Go through the listing below and retype exactly the lines starting at the one with "Ивановская площадь, фото 2015 года" and ending at the one with "Ein Mann spielt", skipping pictures.

Material for this task:
Start of Block

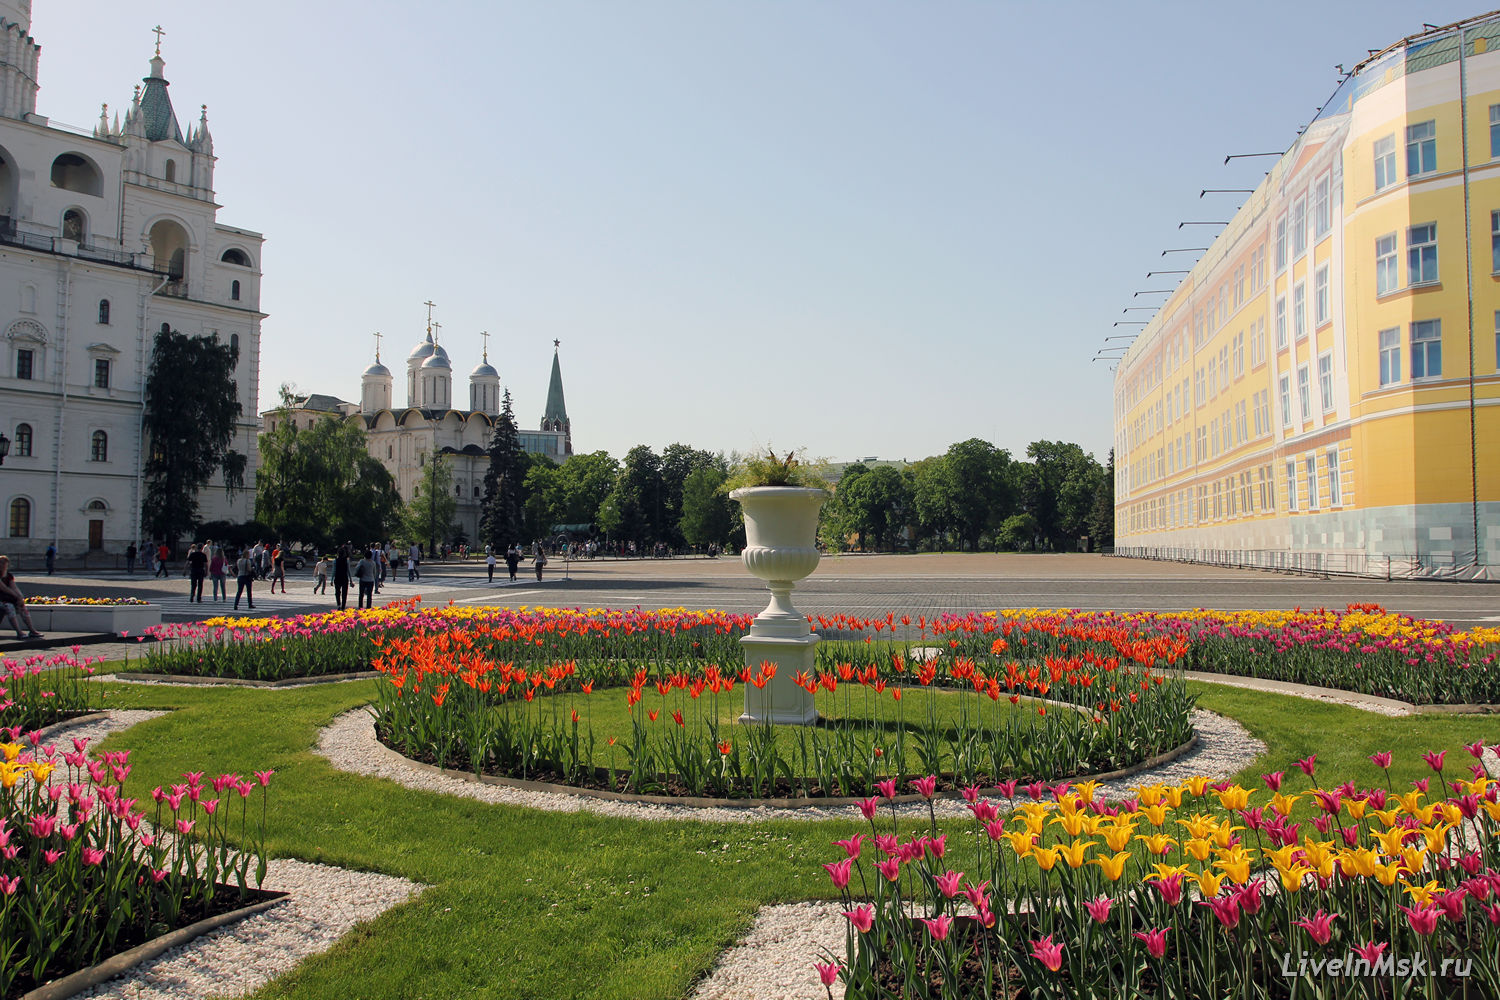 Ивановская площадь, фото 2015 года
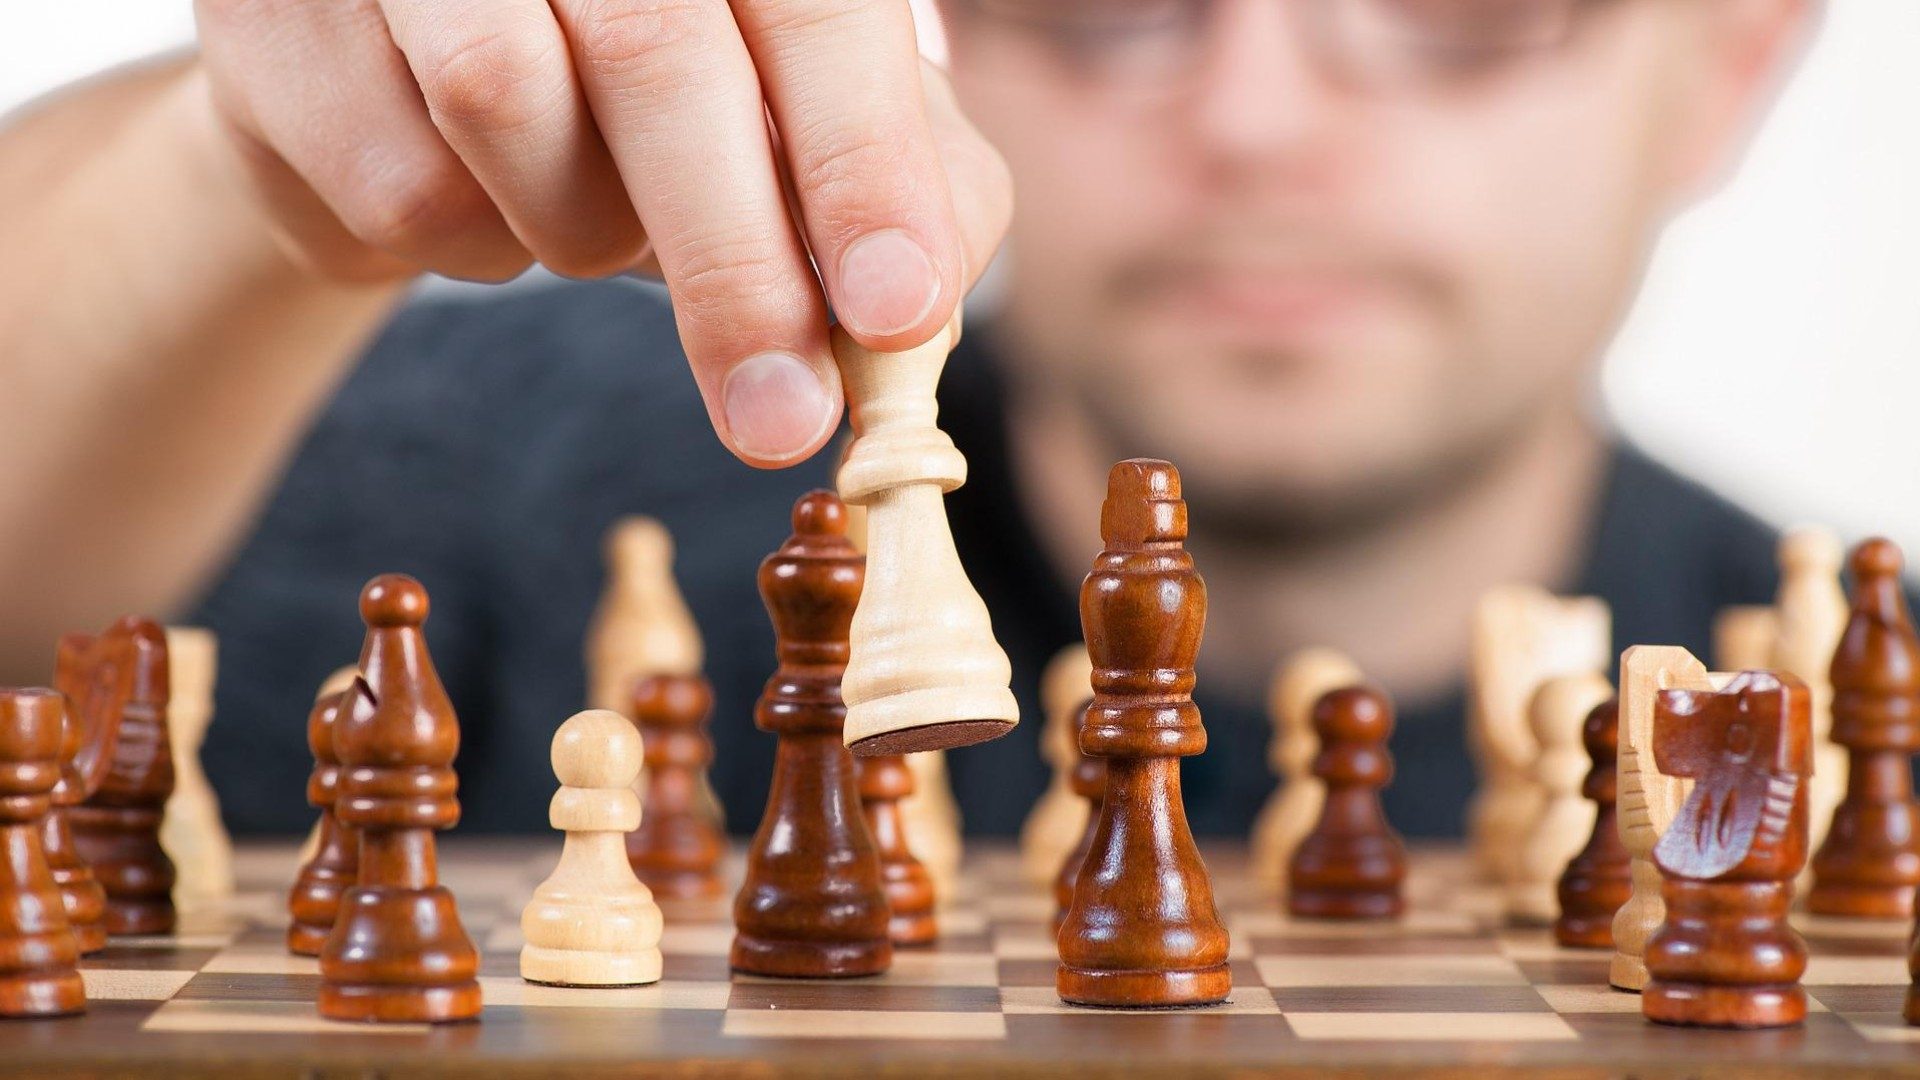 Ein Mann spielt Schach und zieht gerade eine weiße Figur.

End of Block
Start of Block

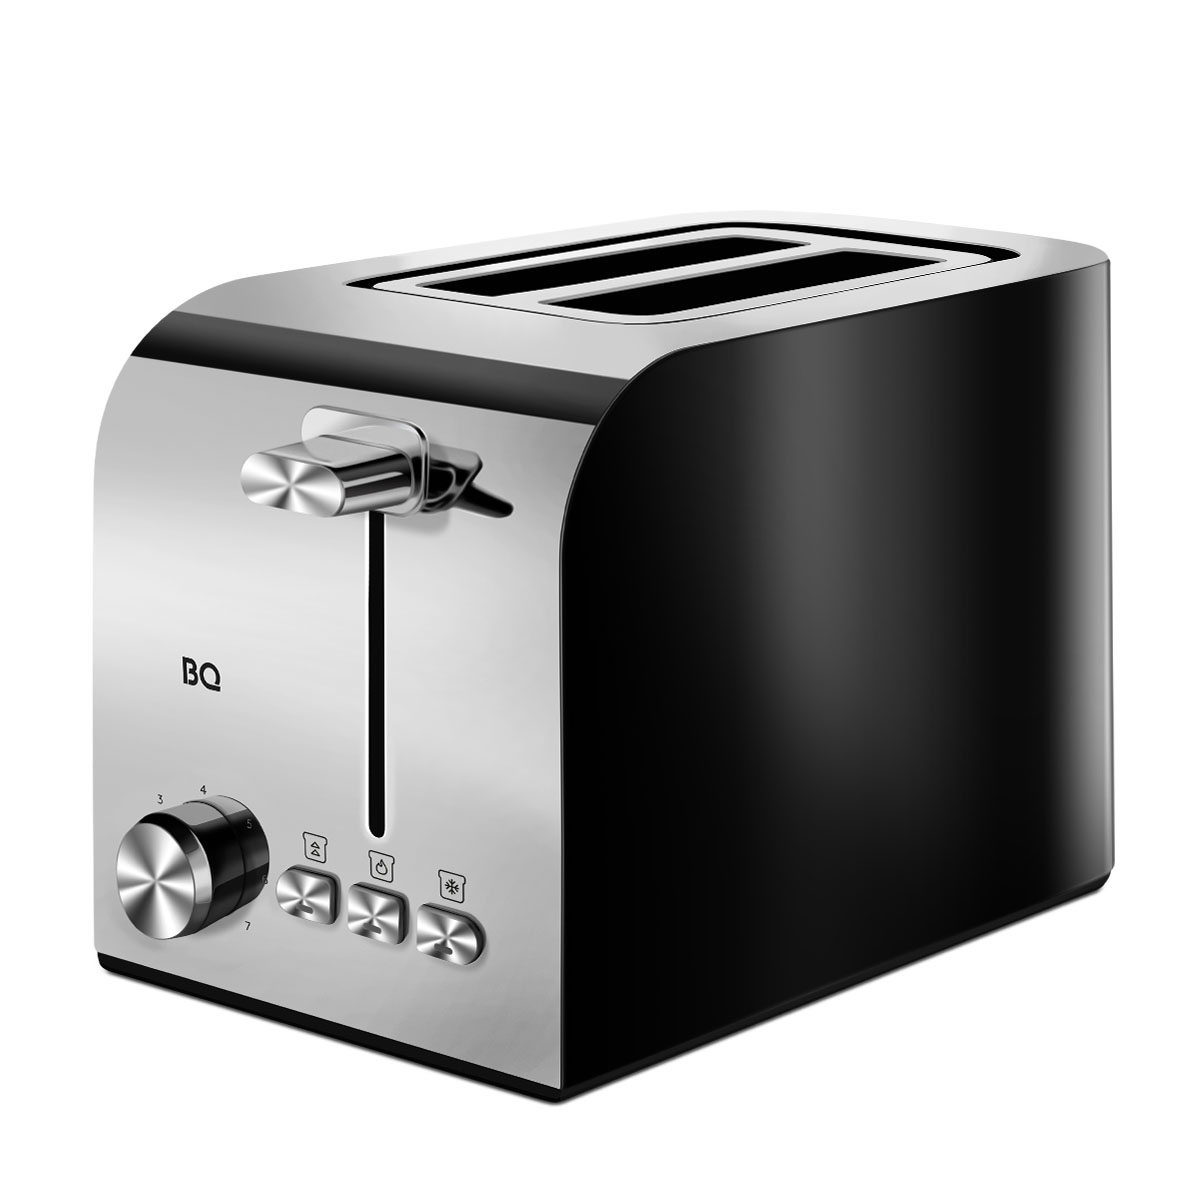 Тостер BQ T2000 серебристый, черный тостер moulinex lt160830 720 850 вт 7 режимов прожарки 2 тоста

End of Block
Start of Block

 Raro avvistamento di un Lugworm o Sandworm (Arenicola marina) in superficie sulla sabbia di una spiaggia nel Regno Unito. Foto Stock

End of Block

Problem solution:
 Ивановская площадь, фото 2015 года
 Ein Mann spielt Schach und zieht gerade eine weiße Figur.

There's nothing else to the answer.